CTM3 is a collaboration by twin brothers Cody Maillet and Thor Maillet. They worked together under the CTM-banner before, and they did some other co-operative works too.
Cryostasium is quite well-known, I think. Cody recorded several hands full of blackened, crusty, necrotic and noisy stuff, often digitally available (check out the Bandcamp-page!), and initially as The Abhorer, in case you’re interested (but why shouldn’t you). He’s the guy too behind many other projects (Evisceration, Cyhyreath, Bloodsoil, Zaklanie, Bone Ritual etc.), and he owns the Metropolitan State Productions label, which is working for a few released with Russia’s finest Satanath Records / Symbol Of Domination Productions. For the release of this album, that marriage is so kind to offer the audience this sonic creation. Thank you Cody, thank you Aleksey!
Thor Maillet is rather to be placed within the Drone / Ambient current. Thor too is quite productive, with a couple of grandiose recordings that were released under the Thor Maillet flag, though there was some material released as (the) Moth Literal as well in some past.

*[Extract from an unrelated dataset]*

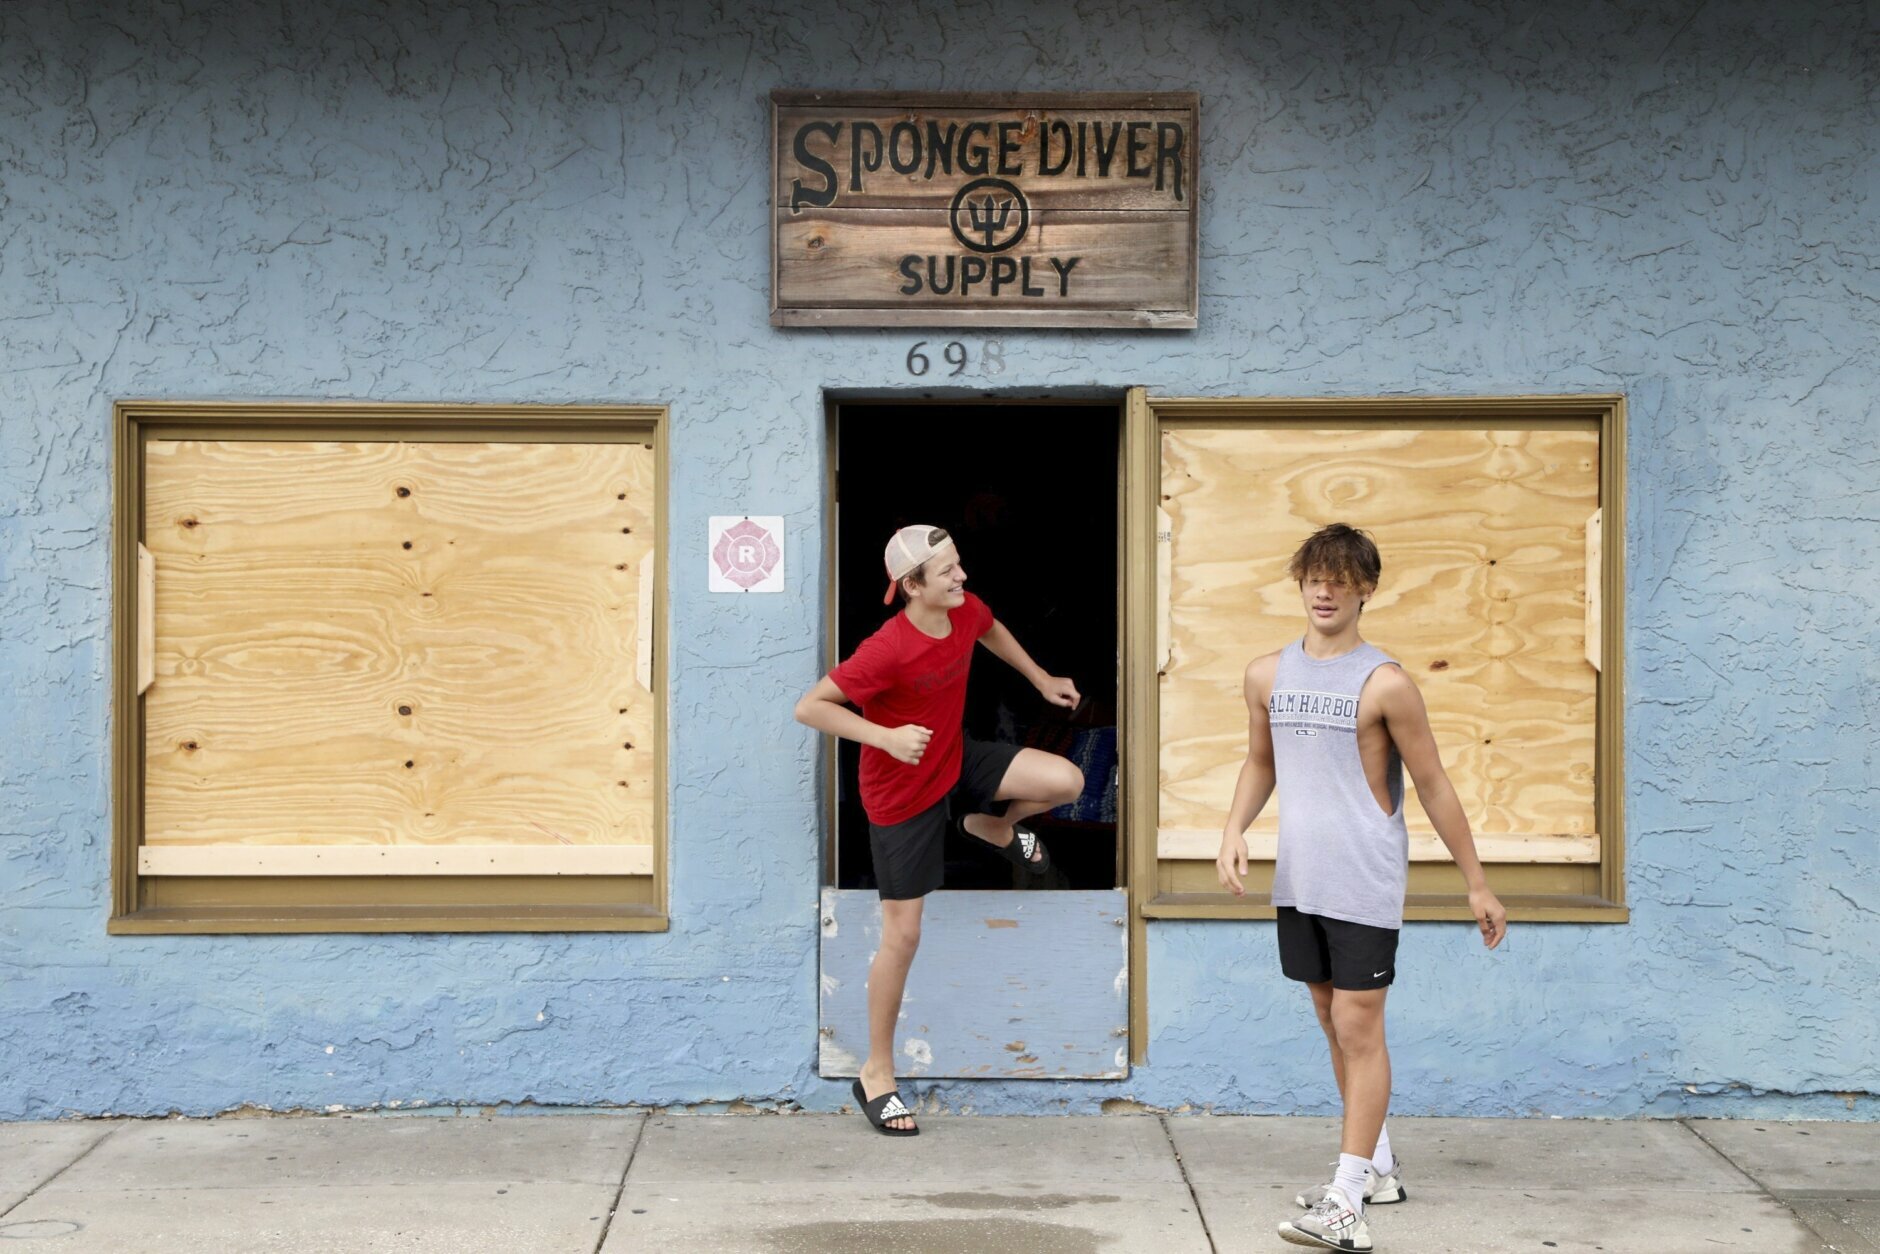 Athos Karistinos, 13, center, and his brother, Anastasios Karistinos, 16, emerge from their family's gift shop, Sponge Diver Supply, after helping their father fortify the windows and doors at the business on Dodecanese Blvd at the Tarpon Springs, Fla., Sponge Docks on Tuesday, July 6, 2021, where residents and business owners were preparing for the arrival of Tropical Storm Elsa. (Douglas R. Clifford/Tampa Bay Times via AP)

So, the twins created a couple of new pieces in early Spring 2015 at the K2 studio, this time collected as CTM3. Oh yes, first a word about the wintery artwork: cool (symbolically and literally)! CTM3 lasts for forty minutes and opens with 1 (six out of the tracks have a number as title – lack of inspiration, or a genius’ idea?), which stands like an erected fist in the behind of [self-censorship]. It’s a (short) Drone / Ambient epic with distant elements from IDM (within the electronic percussion), with weird church bells, with hypnotic melodies, with martial atmospheres, … Indeed, this opening sequence is quite attractive. Then comes Child’s Cry, perfectly showing an equally divided presence of both artists involved: the mesmerizing ritual ambience of Thor and the apocalyptic, primal grimness of Cody. Quite remarkable are the vocal samples in this track, though the far-distant guitar lines (hey, do I hear some Misery right here?) and underground attitude too are truly remarkable. But the main focus lies on the eerie, witching, mesmerizing waves of sound especially, no matter when a piece is structurally based on mechanical Black Metal-alike spasms or neo-psychedelic scapes of Drone-Ambient (and all stuff in between).

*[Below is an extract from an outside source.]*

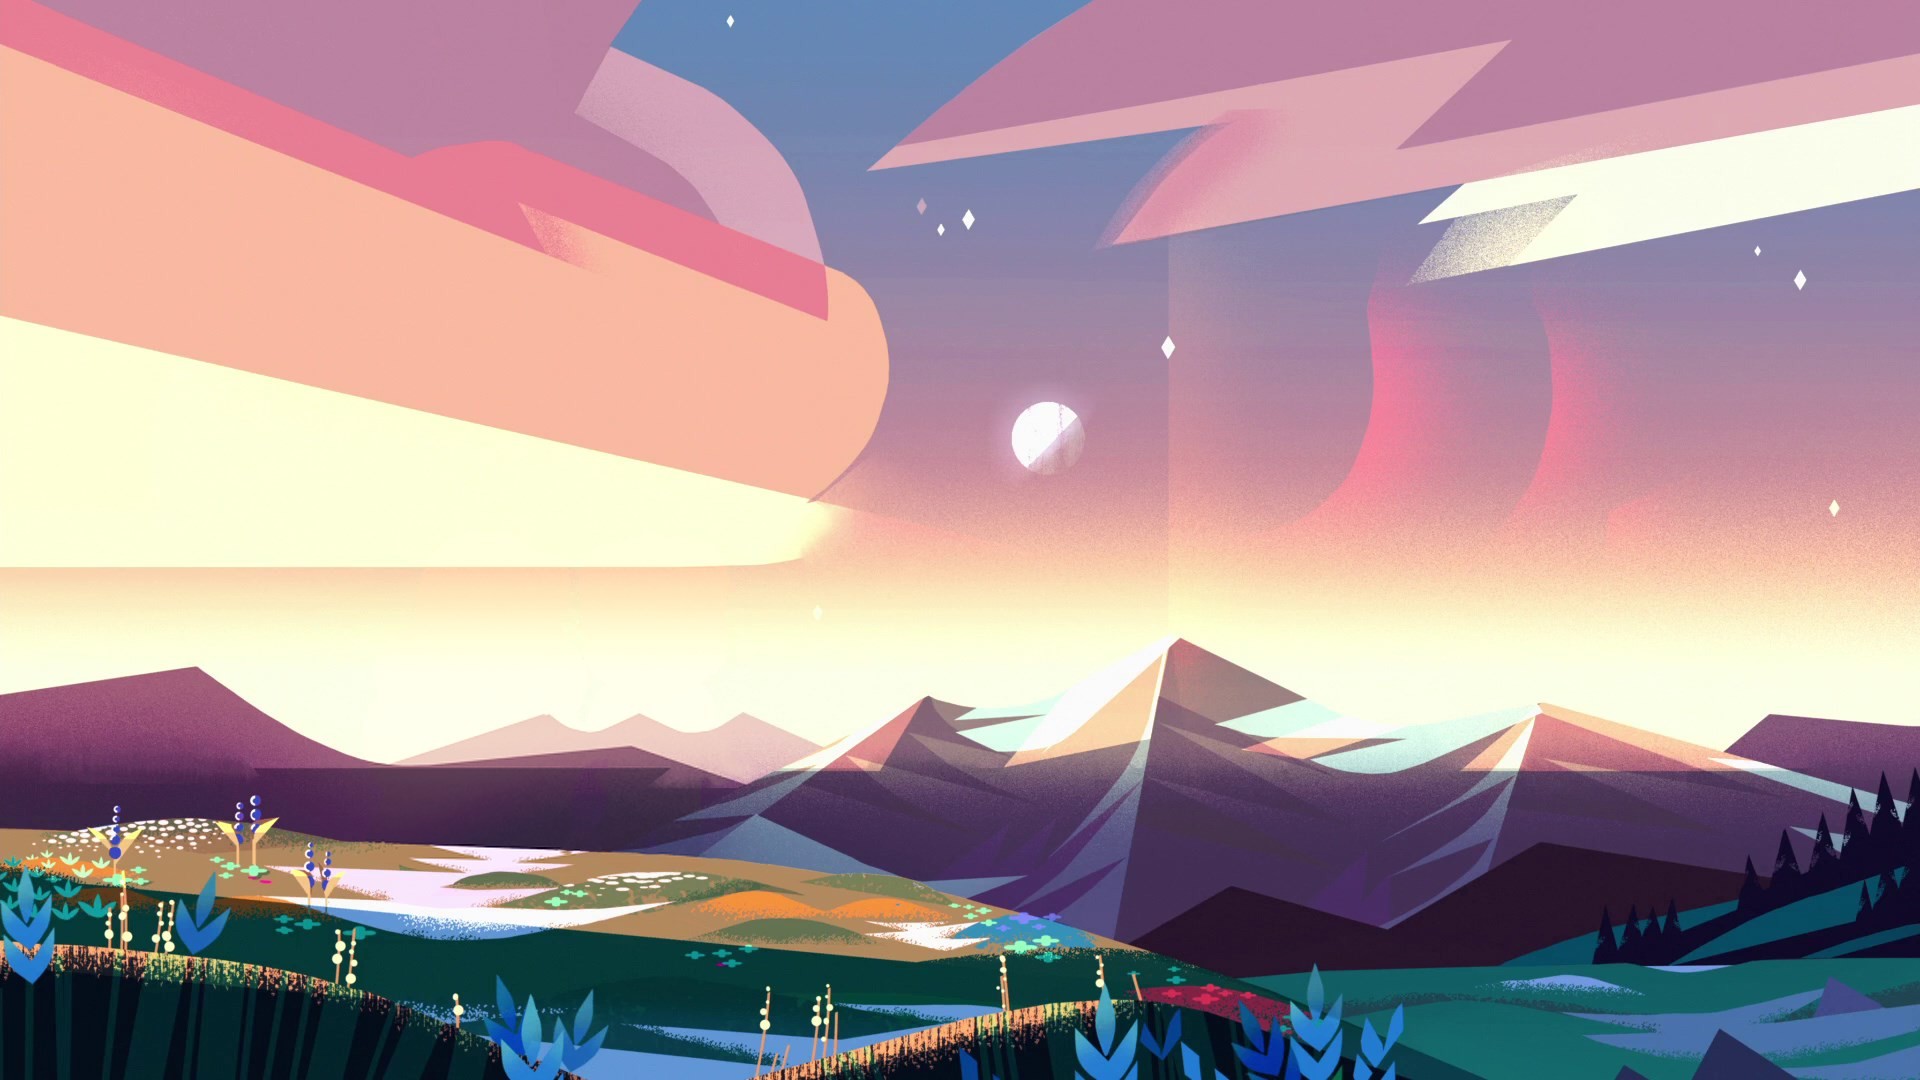 Px steven universe picture High Definition Backgrounds by Mansfield Peacock

The electronic details are not too exaggerated, which I think is a good thing. Because of this aspect, the whole maintains sort of an organic character – though then again, ‘organic’ must be defined as seen from a mostly venomous and acid point of view. Everything comes to its ‘grande finale’ by means of the lengthy last epic, which sort of combines all ingredients in a coherent identity. There is quite some distortion and noise going on, quite some repetition and minimalism, and at the very same time quite some experiment and eccentricity. The diversity of angles is so ingeniously exquisite that it makes me hungry (red meat will do just fine!), and still both artist succeed to create something that remains attractive, arousing whole the time. It’s not Noise, nor is it Ambient, Black Metal or Drone; it’s all of it, and still none. It’s another Cryostasium / Thor Maillet collaboration, you see, and therefor it’s all or nothing. I go for ‘all’…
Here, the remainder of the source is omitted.